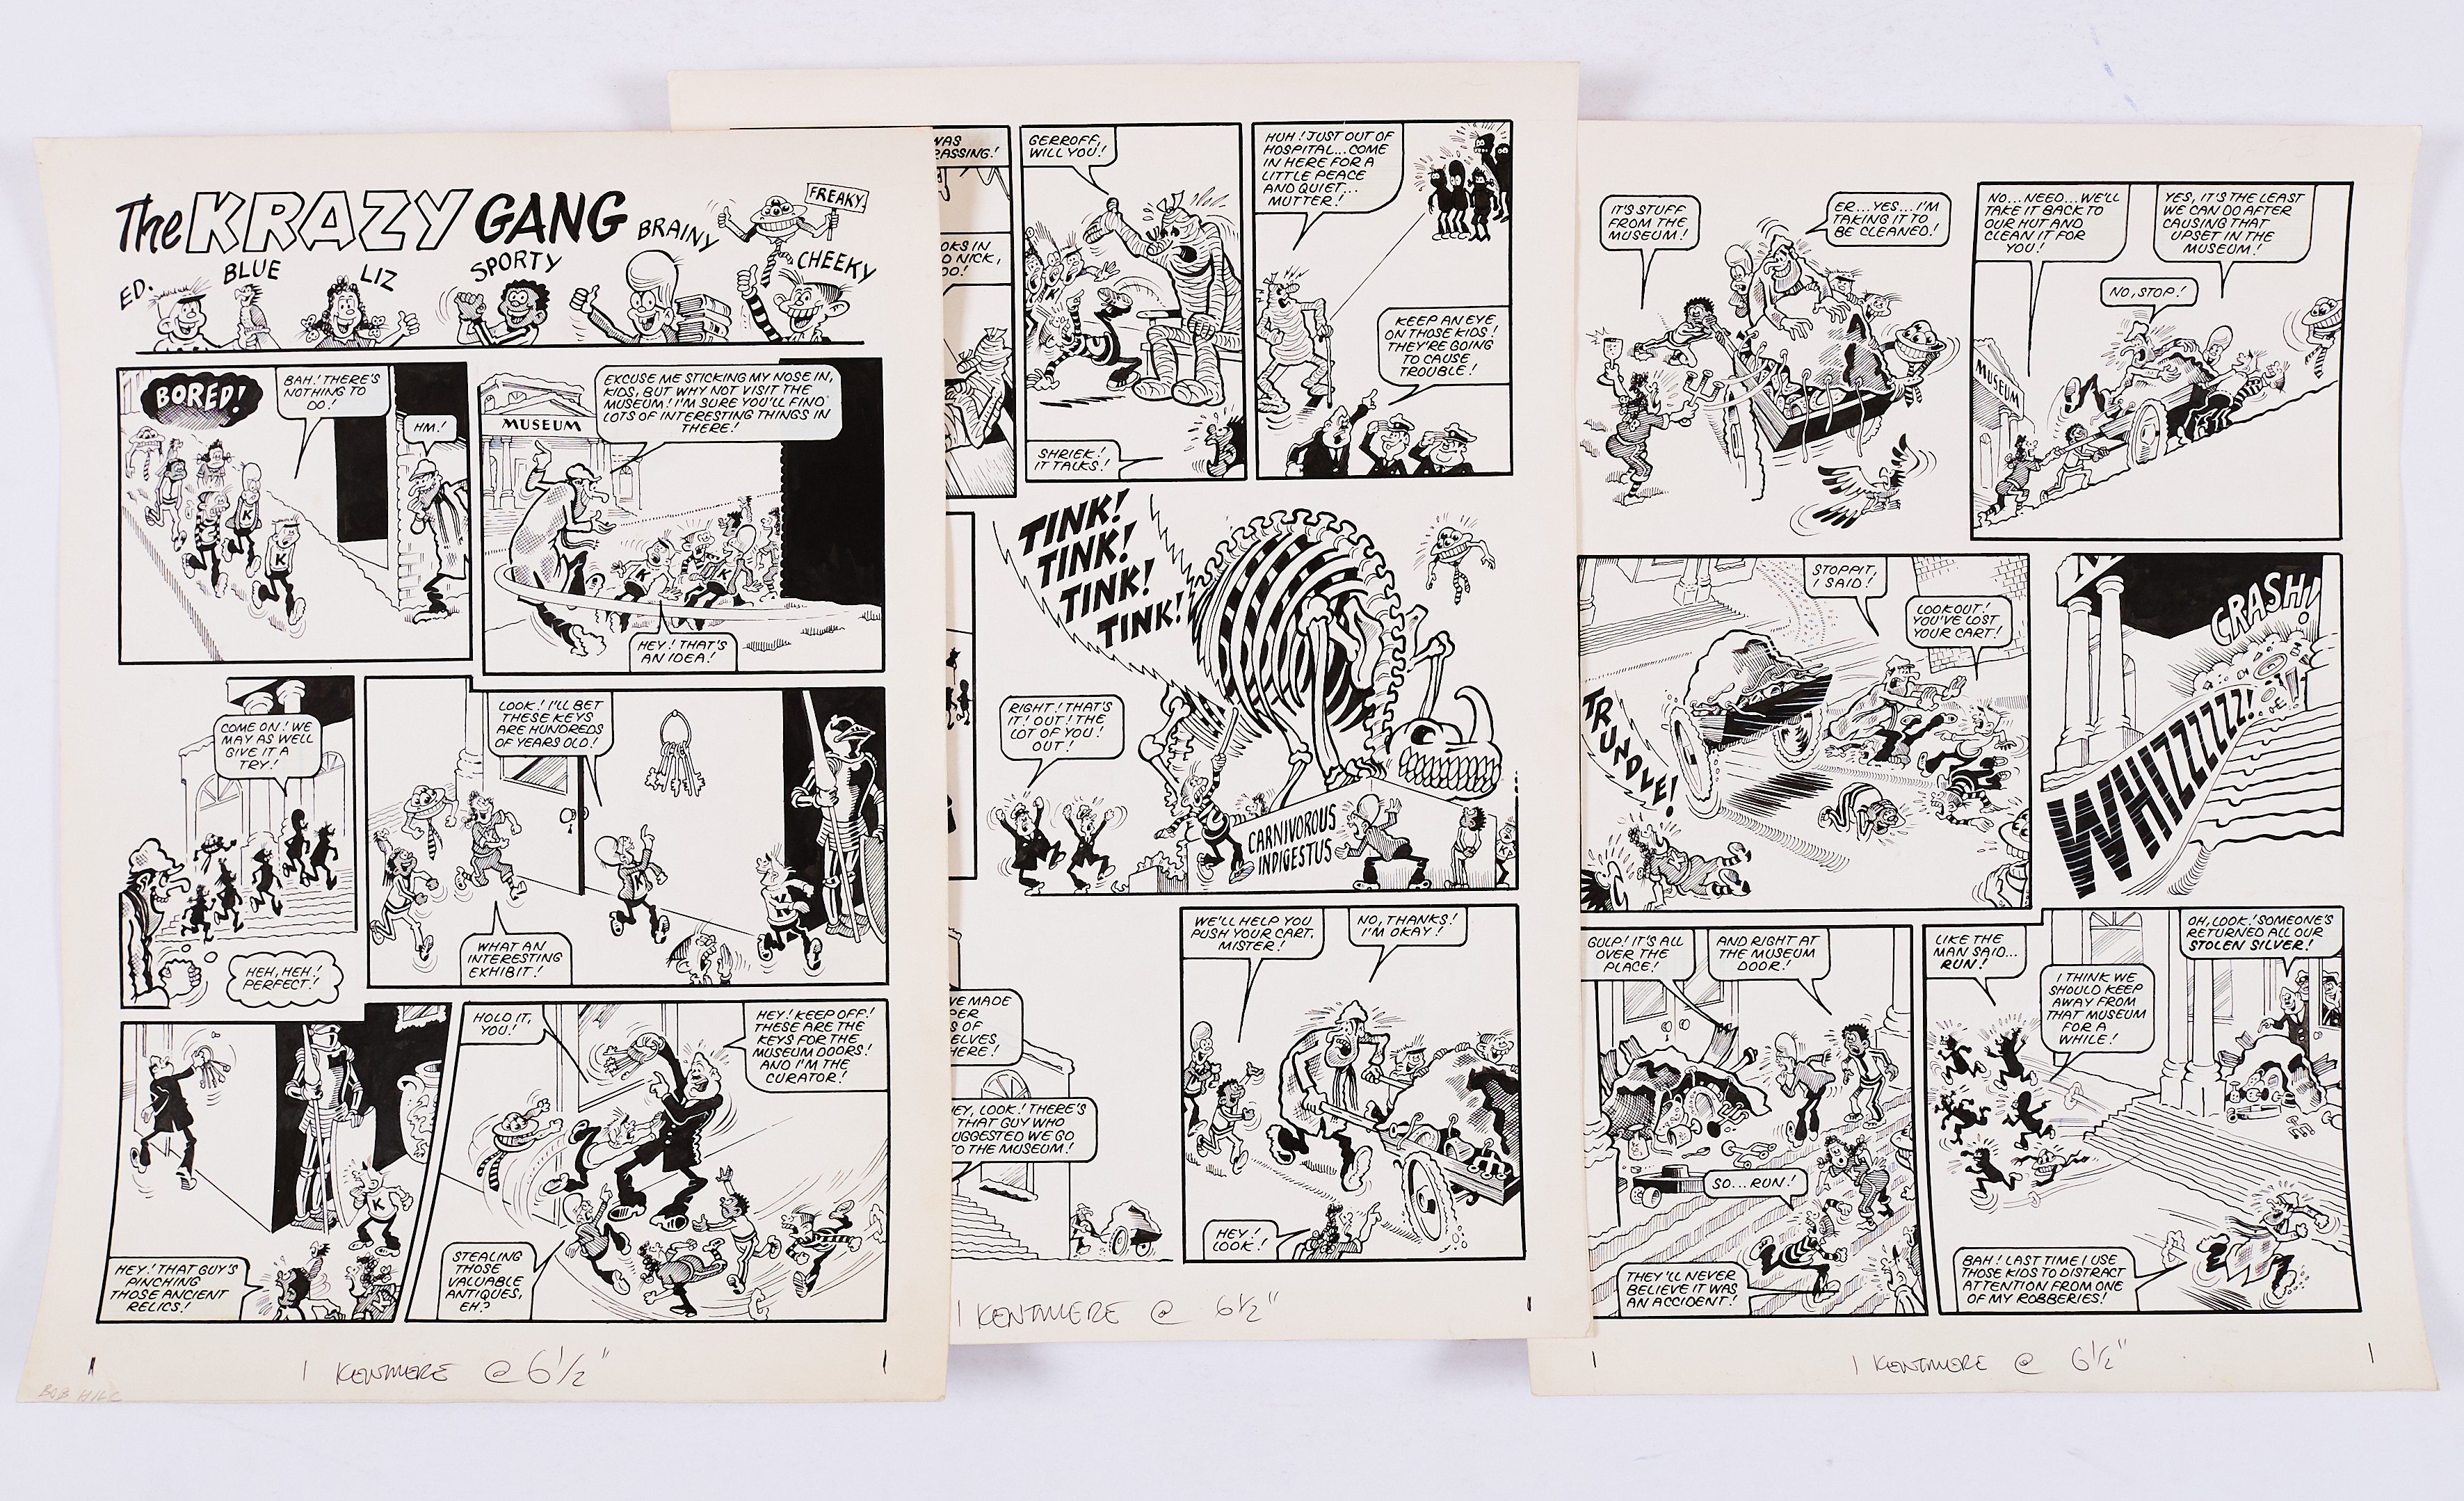 Krazy Gang: 3 original artworks (1978) by Bob Hill from Krazy Comic. From the Bob Monkhouse Archive.
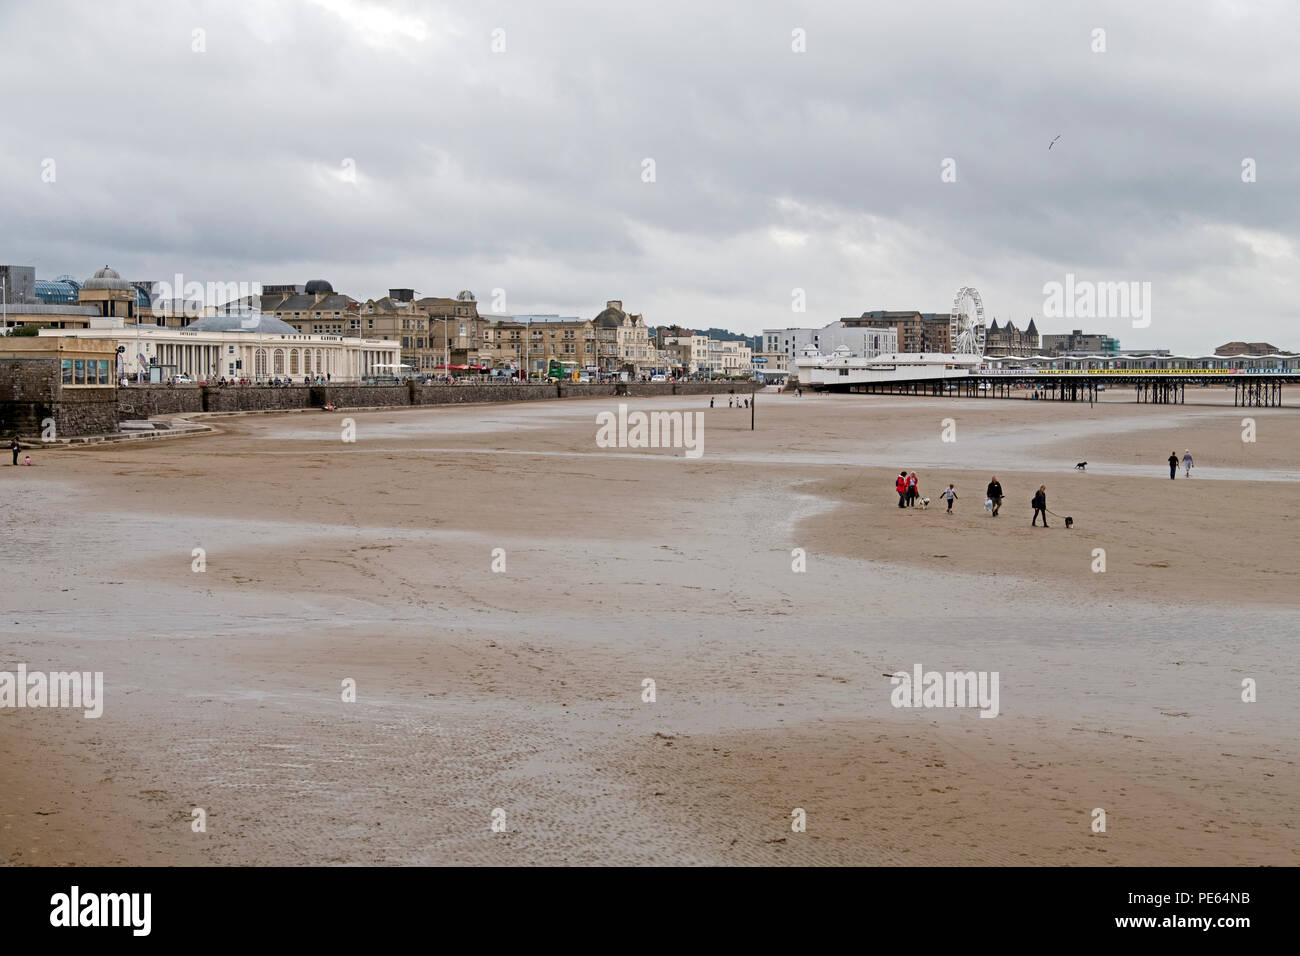 Weston-super-Mare, UK. 12th August, 2018. UK weather: after many hours of rain, a dry but overcast and breezy Sunday afternoon failed to bring many holidaymakers onto the beach, with some of those who did venture out wearing coats. Keith Ramsey/Alamy Live News Stock Photo
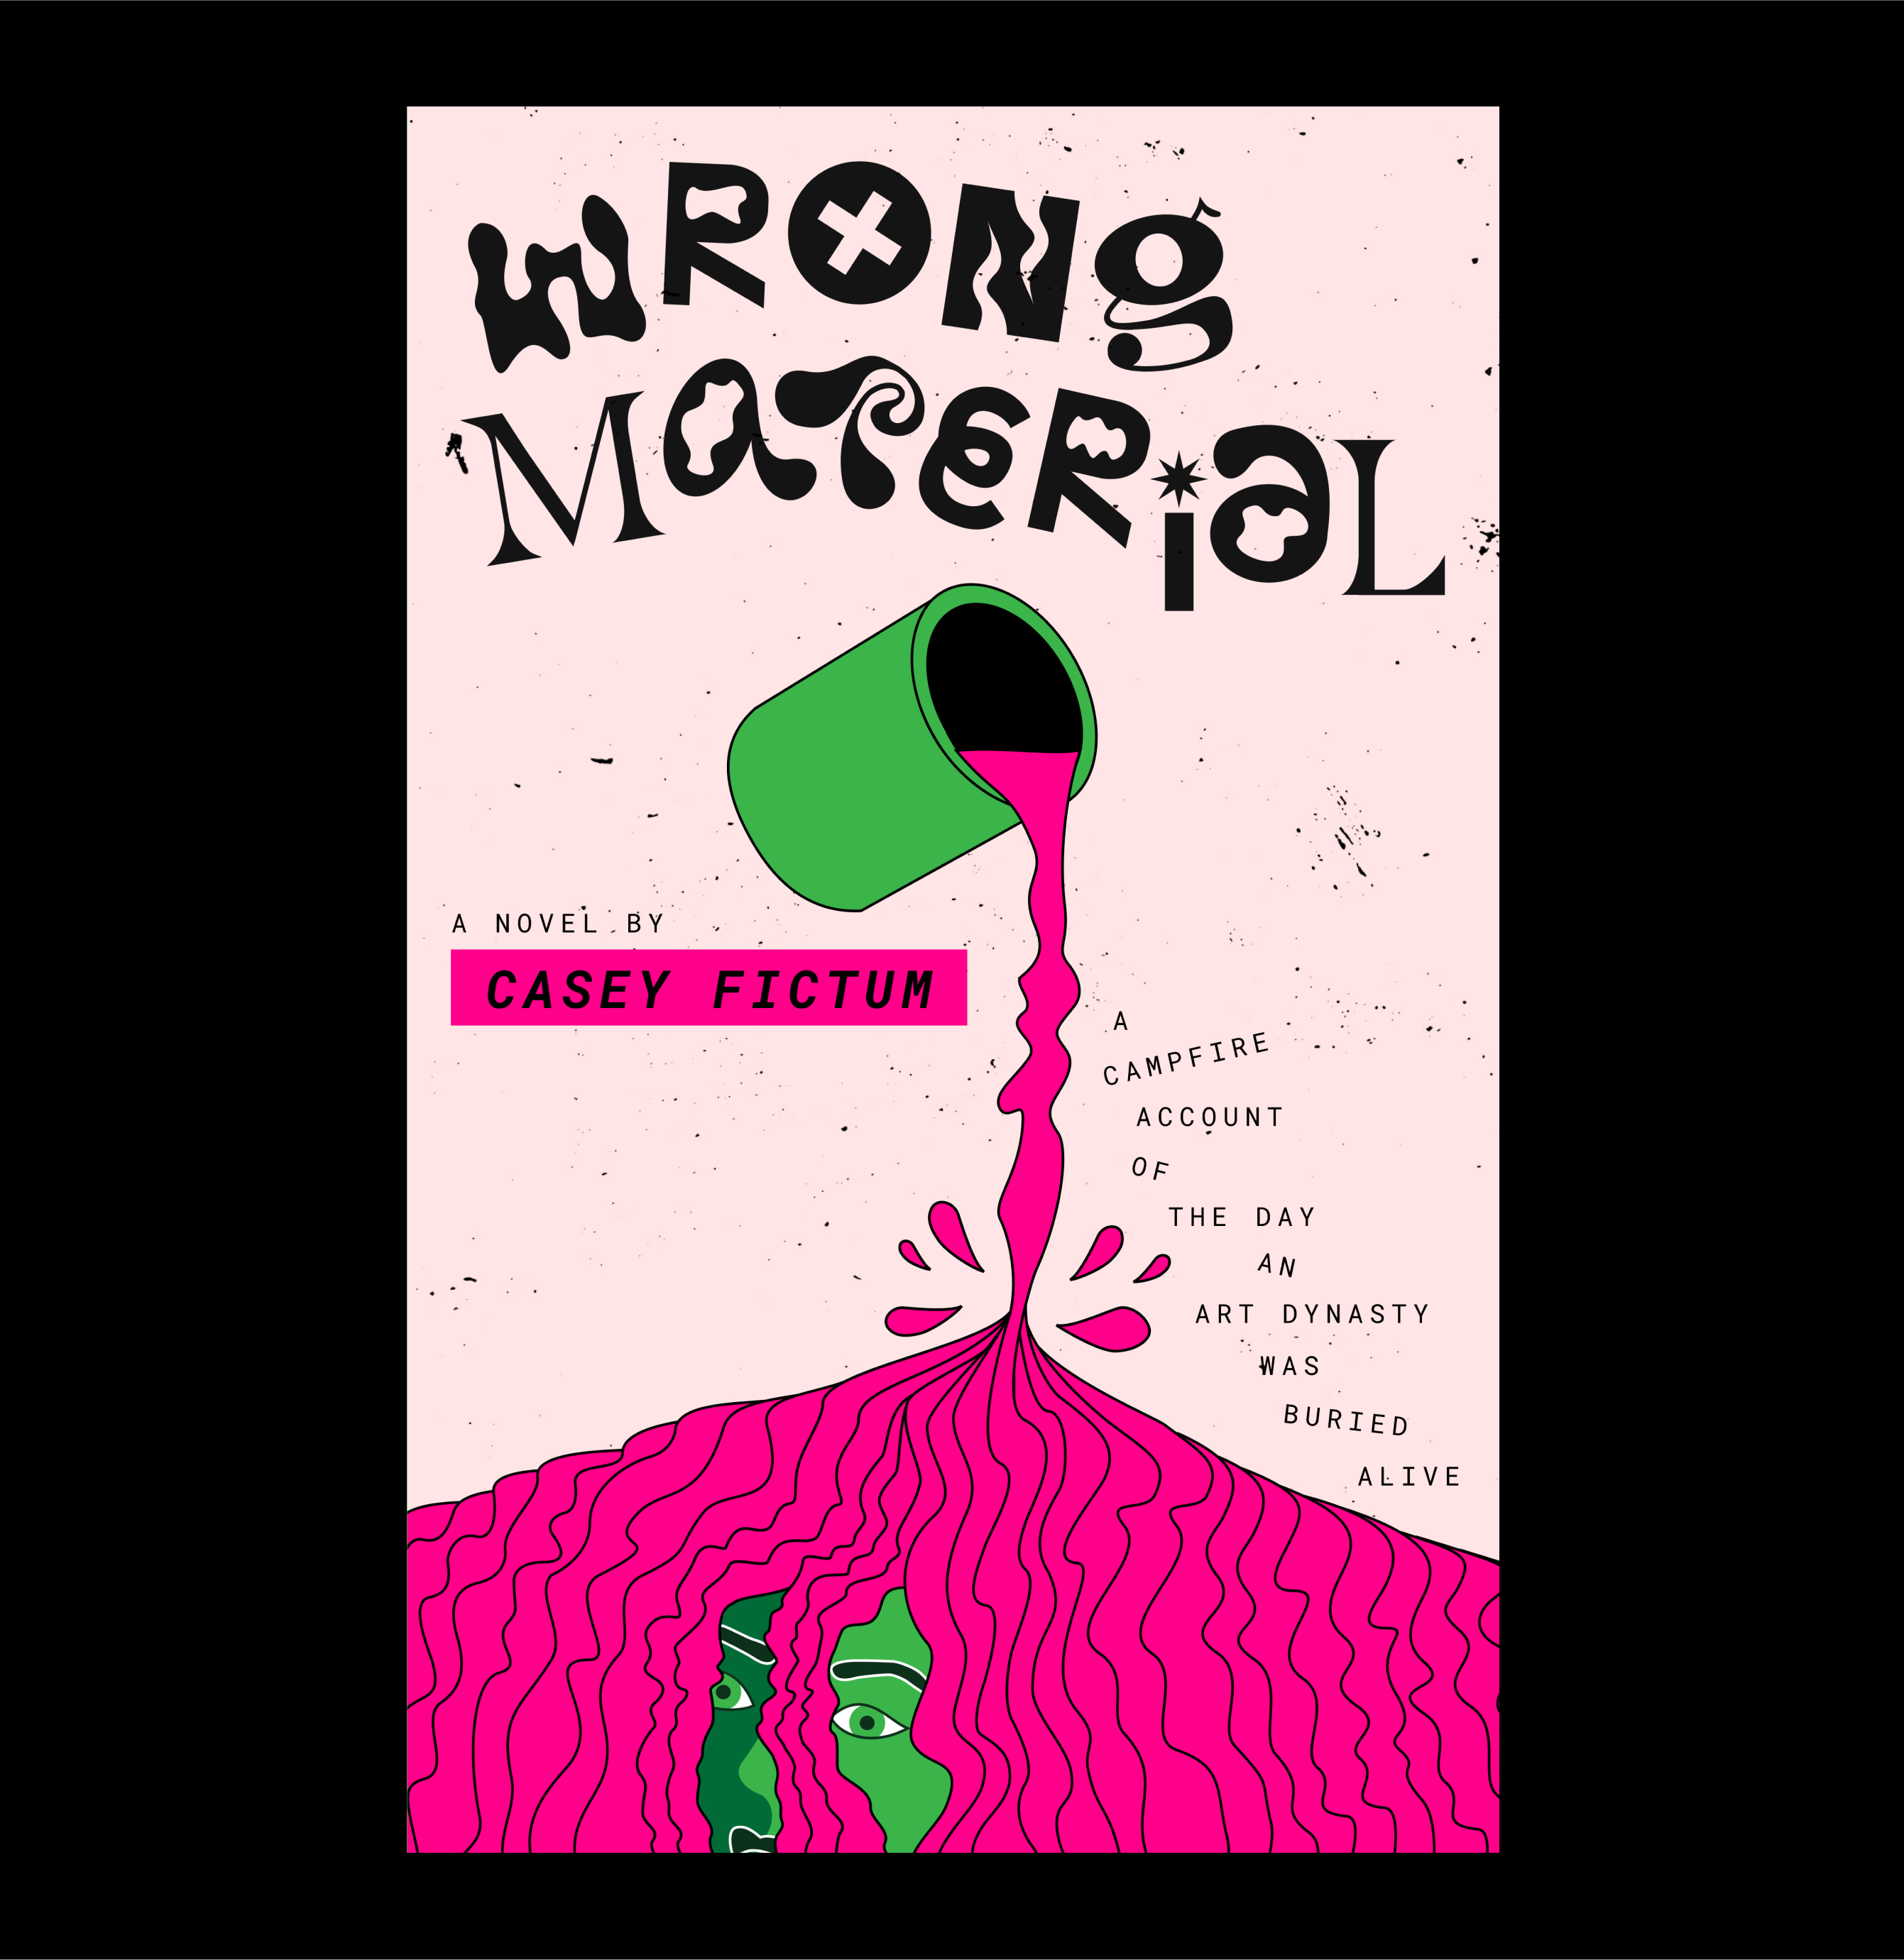 The book cover design of the novel Wrong Material, by Casey Fictum

________________

__YOUR ASSIGNMENT__:
Set down all of the data word for word; no pictures belong in it.

__SOLUTION TO THE PROBLEM__:
 Krazy Gang: 3 original artworks (1978) by Bob Hill from Krazy Comic. From the Bob Monkhouse Archive.
 Weston-super-Mare, UK. 12th August, 2018. UK weather: after many hours of rain, a dry but overcast and breezy Sunday afternoon failed to bring many holidaymakers onto the beach, with some of those who did venture out wearing coats. Keith Ramsey/Alamy Live News Stock Photo
 The book cover design of the novel Wrong Material, by Casey Fictum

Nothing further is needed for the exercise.